Harley-Davidson 110th Celebration

The party so big that its directions are simply, “Milwaukee” is set to roll on the streets of urban Milwaukee during the Labor Day weekend, and no city is better prepared to host a megafest. It will be loud Downtown (and everywhere else in the metropolitan area) as tens of thousands of Harley riders converge on our city.

Now, I need a Harley like I need a hearse, but I do appreciate the infinite varieties of the machine, which can be customized with innumerable components, and the elegance of its design, as well as the company it brings to town. The Harley festival will overlap and augment a number of neighborhood events in the city, including the Third Ward Art Festival, August 31st – September 1st, where a new sculpture will be dedicated on N. Broadway on Friday, August 30th. … Brady Street will be motorcycle traffic only on Friday and Saturday … Harley might be the Iron Horse (or is that “Hog?”) but Steel is Real — for bicycles anyway. “Steel is Real Milwaukee 2013” will take place Saturday, September 7th, at Cafe Hollander, 2608 N. Downer Ave. Registration is at 8:30 a.m., and the 25-mile race, limited to steel-framed bicycles, kicks off at 10 a.m.

“In the history of cycling there has never been a machine more elegant” than the steel-framed bicycle, the organizers note, so no aluminum or carbon vehicles will be permitted on the ride. Speaking as a devotee of Chromium-Molybdinum 4130 steel alloy, I agree that steel bikes are the most beautiful and durable bicycles on the road, and it will be a treat to see some of these bikes on the ride. Prizes will be awarded in numerous categories, including best bike and best dressed cyclist. Fuji and I will sit this one out, thereby giving you a chance to win.

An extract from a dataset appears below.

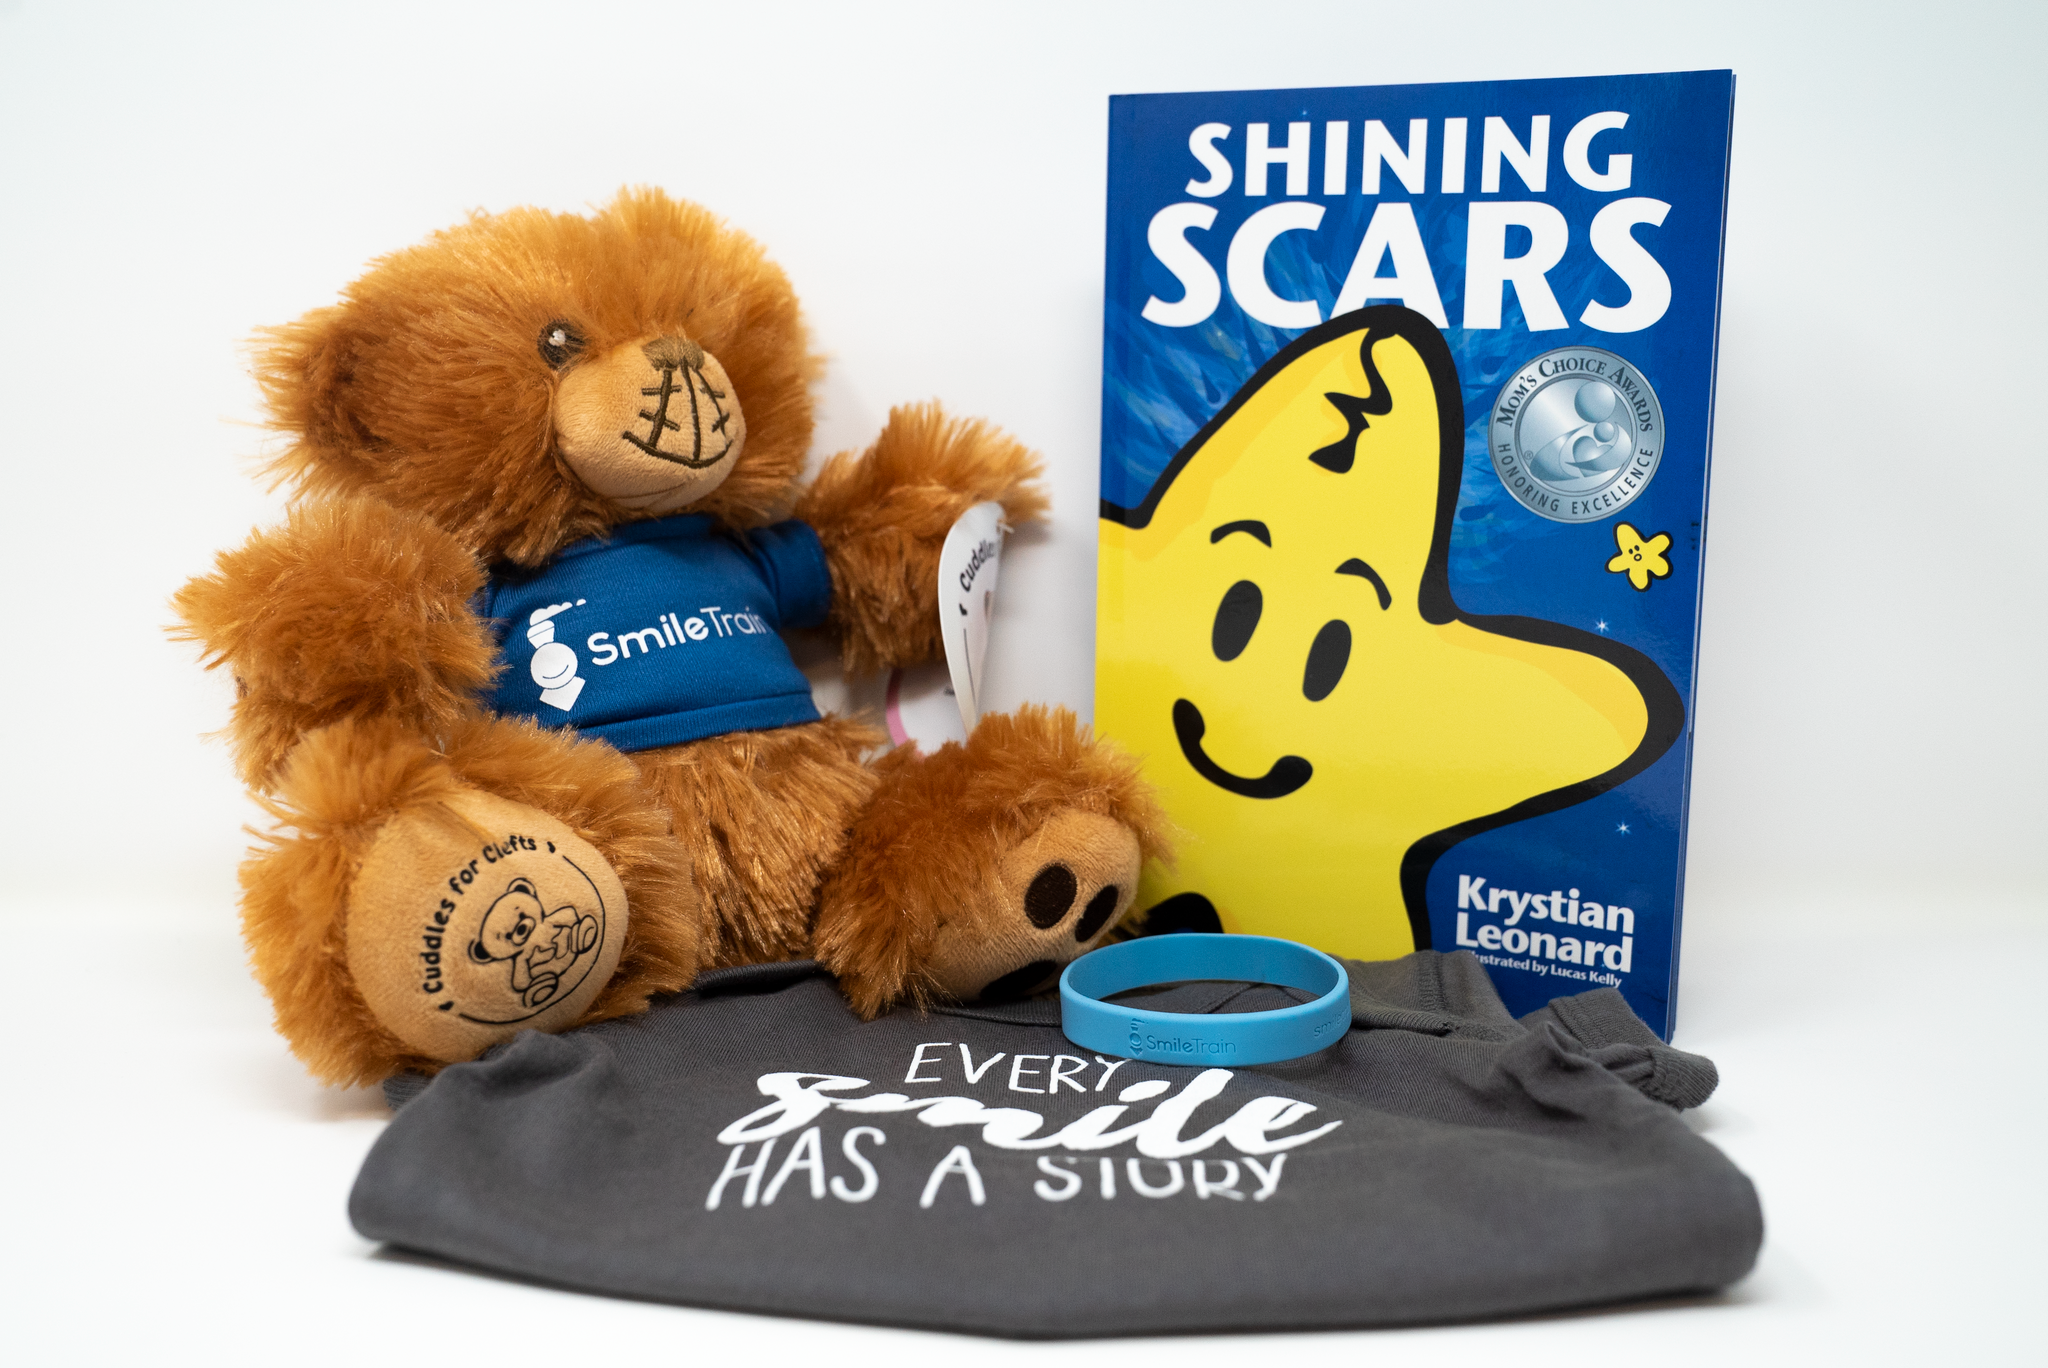 a care package from cuddles for clefts in partnership with smile train called smile train cuddle pack that features a stuffed animal, a book called "shining scars," a onesie that says "every smile has a story," and a blue bracelet

2 thoughts on “Plenty of Horne: What Sue Ann Says”

  1. Todd Spangler says:

    I was concerned about the long time reported just to get through to 911, and then the relatively long time to get to Brady Street on a Sunday afternoon. I pulled up this report from Channel 4 from earlier in the year:


    In that case, the police contradict the account given by the 911 caller interviewed by Channel 4. I don’t know what the final determination was in that incident. Is there really a genuine shortcoming in Milwaukee in just getting through to a 911 operator? Current Milwaukee residents should also have a better sense as to whether there is truly an issue with police response time.

  2. None says:

    Michael Horne is usually the Master of the Obvious, so it is surprising that he didn’t figure this out. Darshan Singh Dhaliwal is Jason Thompson’s father-in-law. That’s right — Darshan’s daughter is married to Jason, which is how Jason got the job at Bulk Petroleum in the first place.